Exactly. As I said earlier, if you forget to clear FD_CLOEXEC when you meant to then your program breaks loudly and obviously; if you forget to *set* FD_CLOEXEC then the bug is much quieter and more subtle.
I asked for a specific example of some existing code that would be broken by this, but none was forthcoming. I understand why, in theory, changing this would be a problem (indeed, changing anything is similarly problematic) but in practice the pros enormously outweigh the cons here.
On 30/08/15 16:59, Donn Cave wrote:
> Quoth Niklas Hambüchen <mail@nh2.me>,
> ... and you go on to demonstrate that you didn't really take the point
> I was trying to make.
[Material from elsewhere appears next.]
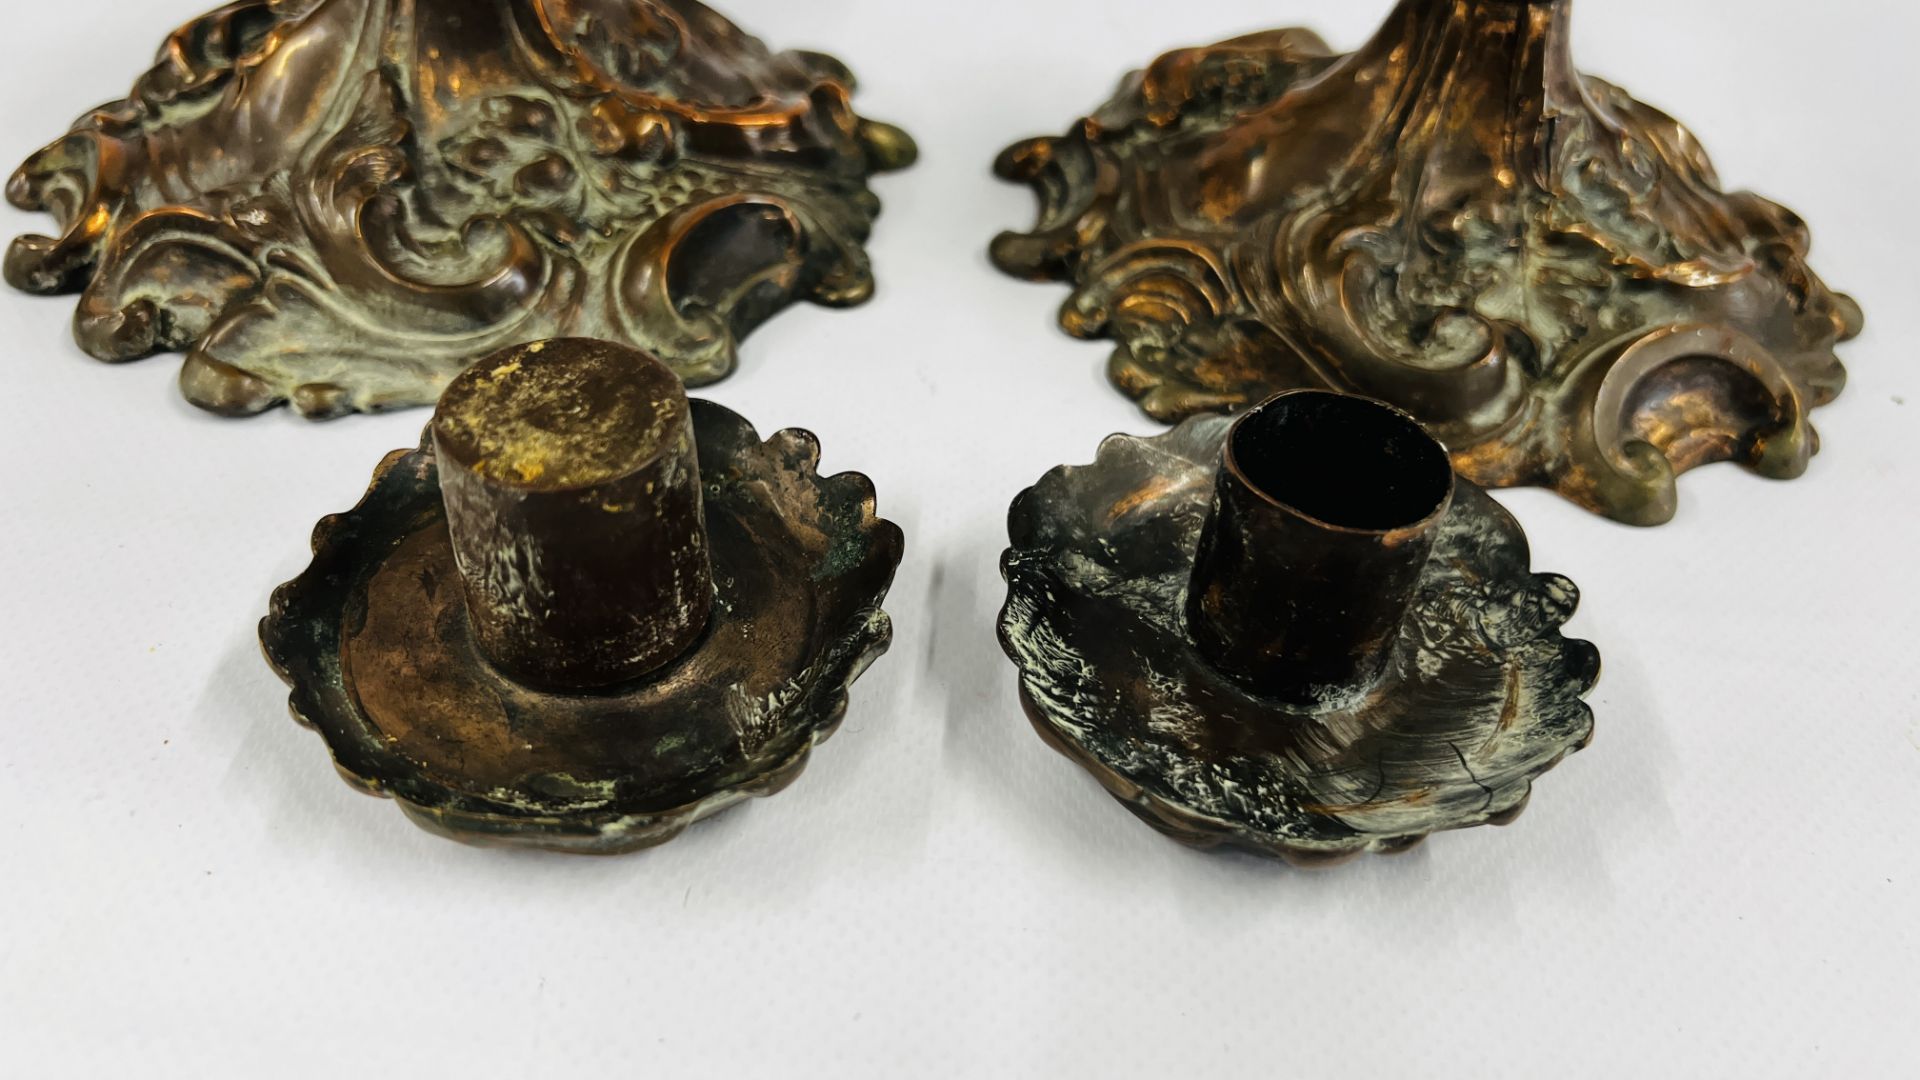 A PAIR OF ORNATE C19TH COPPER CANDLESTICKS WITH DETACHABLE SCONCES - HEIGHT 27CM. - Image 18 of 20

How did you find out about this flock(2) scenario?
> Do you suppose that this is the only one, because you and I don't know
> of any more?
No, I do take your point, and I admit that more things may break when
changing the default.
What I'm saying is that such cases are relatively easy to find. When you
rely on inheriting FDs, you know it.
It is exotic enough that when you've built something that needs it,
you'll remember it.
This leads me to think that the damage done / cost to fix introduced by
breaking the backwards compatibility here might be smaller than the
damage / fixing that will arise in the future from surprising behaviour
and security/privilege problems through leaked FDs in all non-exotic
programs that want to exec() something. I'd assume the Python and Perl
people came to this conclusion.
Further, our community is small, and if you announce something loud and
long-term via mailing list and Reddit, it will go a long way and make it
unlikely that somebody will be unaware of such a change. Your point that
we may break things that we don't know of / understand still stands though.
Regarding pipes and sockets, pipe()/socket() accept CLOEXEC as well.